The analysis of justifications for the study choice shows that slightly more than half of the participants selected neutral sounds background justified their choice with their curiosity about its course, and every tenth with a simple will to carry out an easier task. Some participants (~ 10%) also indicated that they were afraid of stimulation or (~ 5%) made a random choice (~ 10% gave an answer that was difficult to classify, and just over 5% gave no answer). Nearly three-quarters of participants selected auditory brain stimulation due to their cognitive curiosity about brain stimulation. Many participants from this group also underlined that they liked cognitive challenges, and the study with stimulation looked like one. Two participants added that they felt stimulation disturbed them in the task. Some participants (about 5%) indicated that their choice was random, and less than 5% wrote something that should be indicated as no answer. About one-fifth of participants gave justifications that are difficult to classify (see Supplementary Table 4 for justification examples). These qualitative results indicate that most participants chose the study type consciously, following their own needs or convictions. When the study with brain stimulation was selected, it was most often linked to the will to experience stimulation or curiosity caused by the topic of brain stimulation. Thus, it can be assumed (although the limitations of this qualitative analysis must be taken into account) that most of the Stimulating Sounds experiment participants did not have negative attitudes towards stimulation.

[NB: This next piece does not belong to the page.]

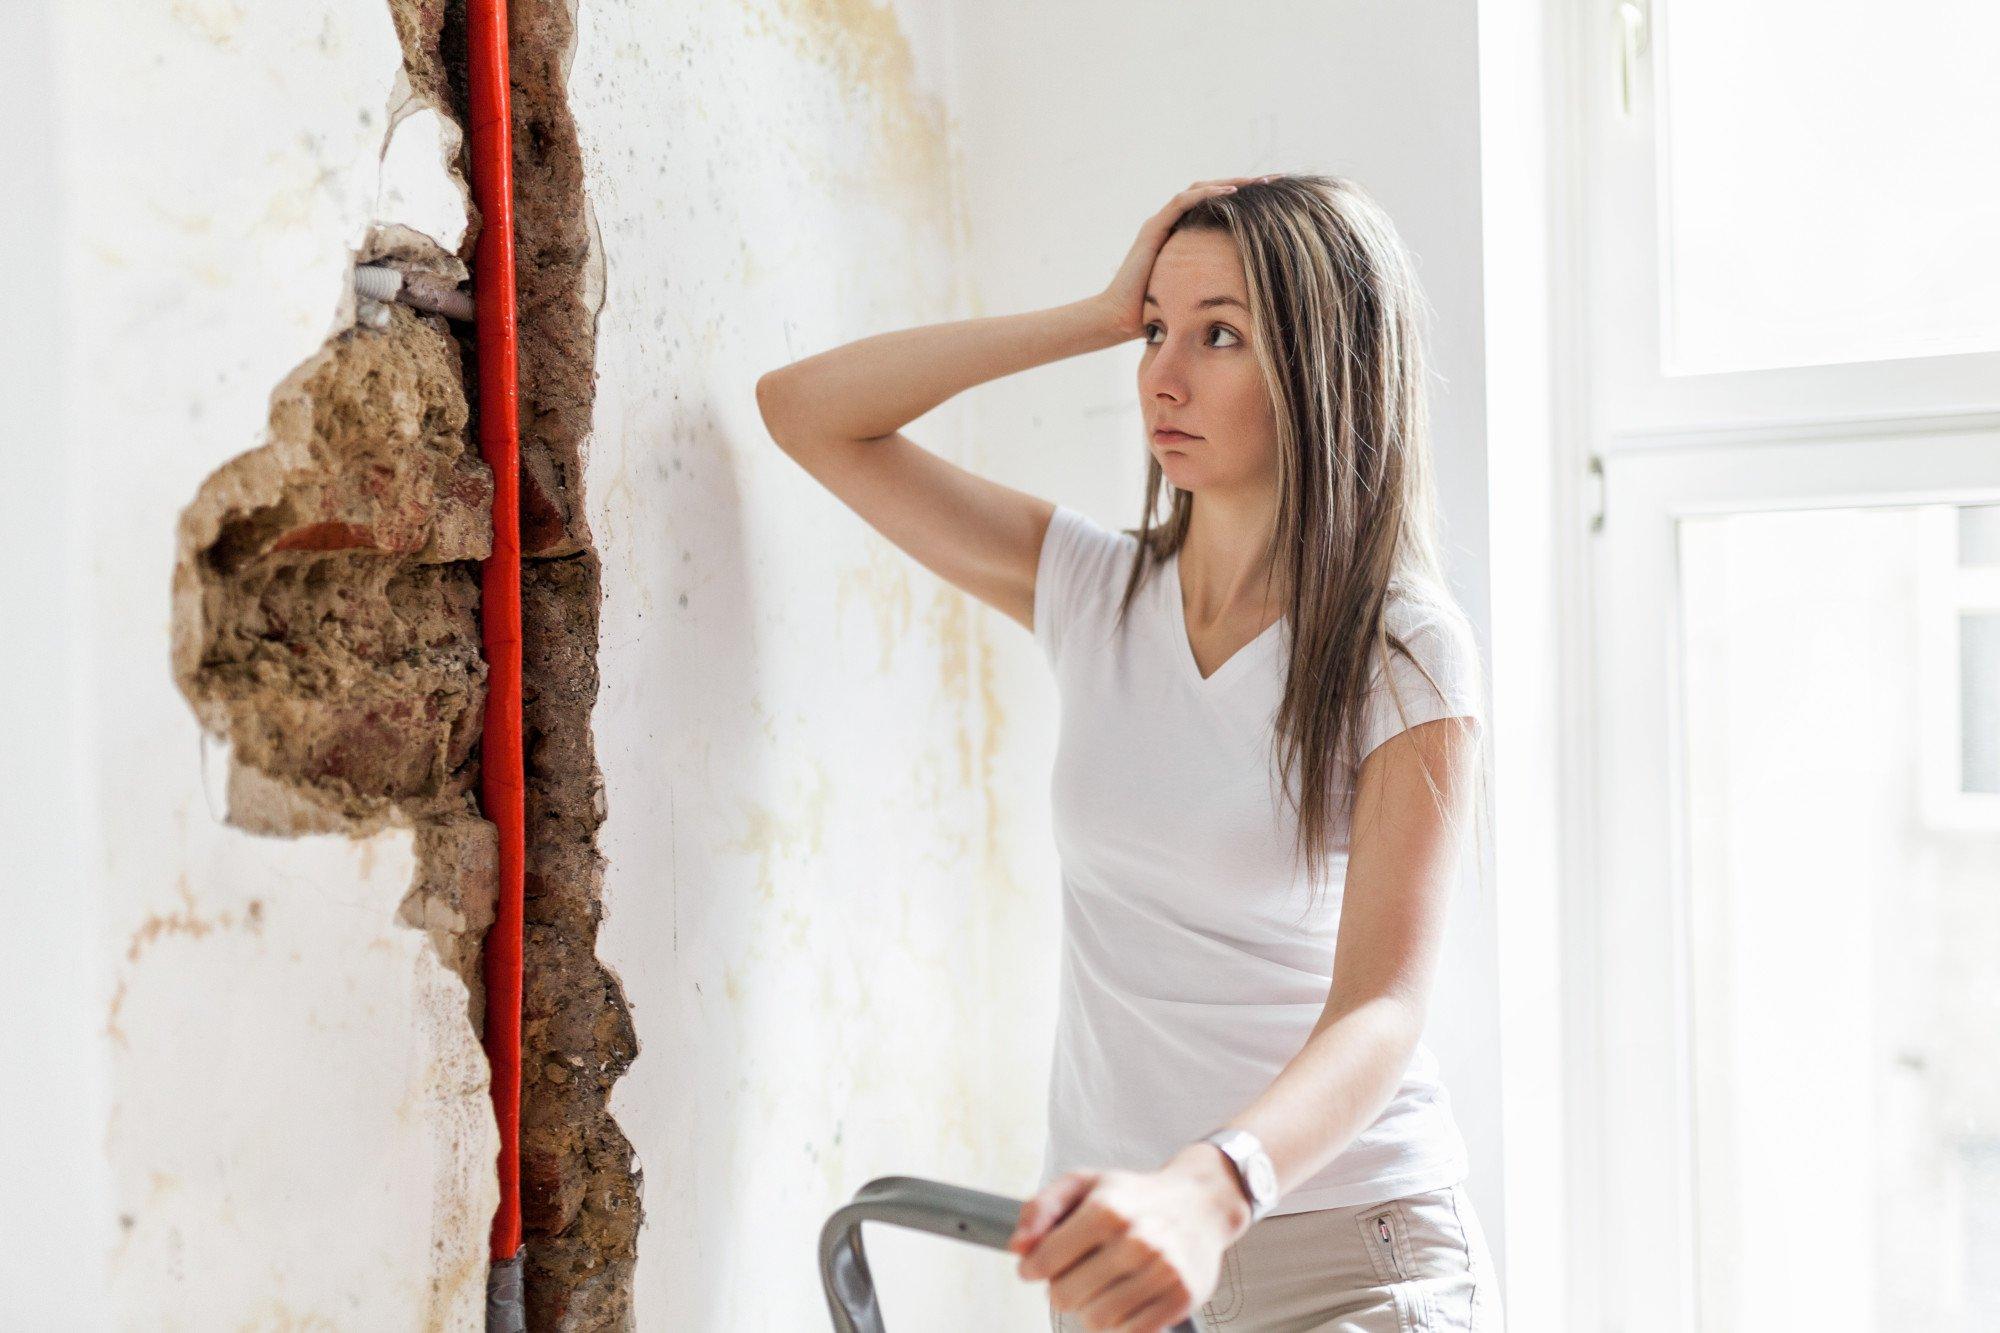 water leak in the wall

Six hundred individuals were tested in Study 2. The criterion of being taken into account in analyses (the same as in Study 1, i.e., accuracy in the baseline part = minimum 22.22%) was met by 551 individuals. The groups did not differ with respect to all basic characteristics, such as age, gender, place of residence and everyday activity (see Methods for additional details). Exactly like in Study 1, we initially tested the main effect of time. 2 × 5 × 2 ANOVA with the time (baseline, intervention) as within-subjects factors, and the group (None, Classical, Pure, 5 Hz, 15 Hz) and test (Raven’s Progressive Matrices test, Matrix Reasoning Item Bank test) as between-subjects factors revealed a significant main effect of the time and significant time × group interaction. There were no other significant interactions (see the top panel of Supplementary Table 5 for more details). As in Study 1, the effect of the time consisted of a significant deterioration of the score, but here only by nearly 3% (the mean difference = 2.69, SE = 0.57, t = 4.69, df = 541, Tukey's p < 0.00001). However, estimated-marginal-means-based post-hoc comparisons (bottom panel of Supplementary Table 5 ) showed that this deterioration applies only to binaural beats brain stimulation groups. These results contradict our hypothesis that we would not observe a significant change in the score in any acoustic condition.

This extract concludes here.